Meyerson: U.S. Should Adopt German Capitalism (and Unemployment?)
The American Prospect's Harold Meyerson opens up his latest column with almost unseemly relish. "So what kind of capitalism shall we craft?" he writes. You can almost see him rubbing his hands together, perhaps warming them over a flaming copy of Capitalism and Freedom.
And then, as columnists do, he answers his own question: The German kind of capitalism. "In Germany," he writes, "manufacturing still dominates finance." And here, as in Germany, "corporations should be made legally answerable not just to shareholders but also to their employees and community."

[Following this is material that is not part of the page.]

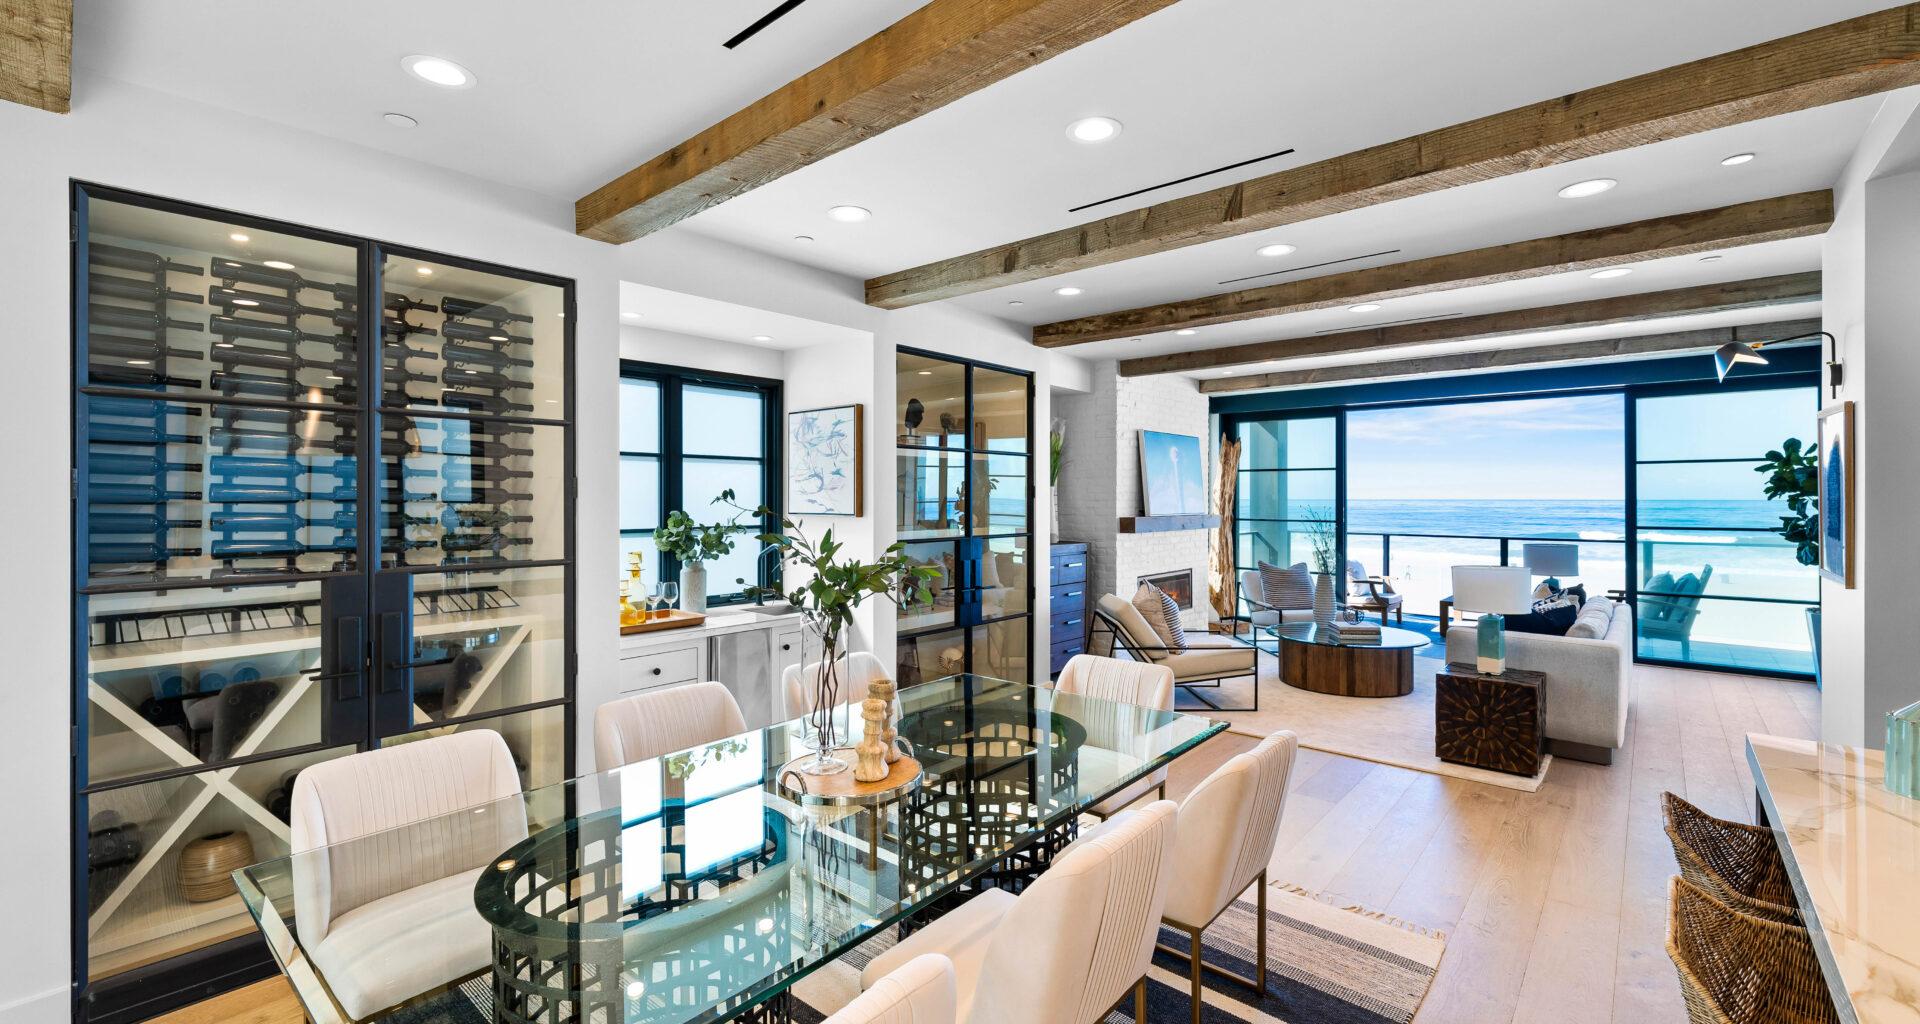 Robb Stroyke, The Strand, 508 The Strand, Stroyke Properties, Jon Starr, Starr Design Group, Manhattan Beach

One way to do this? Why, the misnamed Employee Free Choice Act, of course, which will bring our workers the same conditions as those in Germany by letting unions organize workplaces without a secret ballot. Never mind that unemployment in Germany has hovered around 10 percent for over a decade. That "jobs crisis" we're currently experiencing? That's pretty much a permanent condition in Germany, thanks in large part to the kind of union-oriented, make-stuff-not-deals capitalism they practice. But Meyerson doesn't feel the need to mention that stat while trumpeting that "the German model focuses on stakeholders, not shareholder. Worker representatives sit on boards of directors, unionization remains high, income distribution is more equitable, social benefits are generous."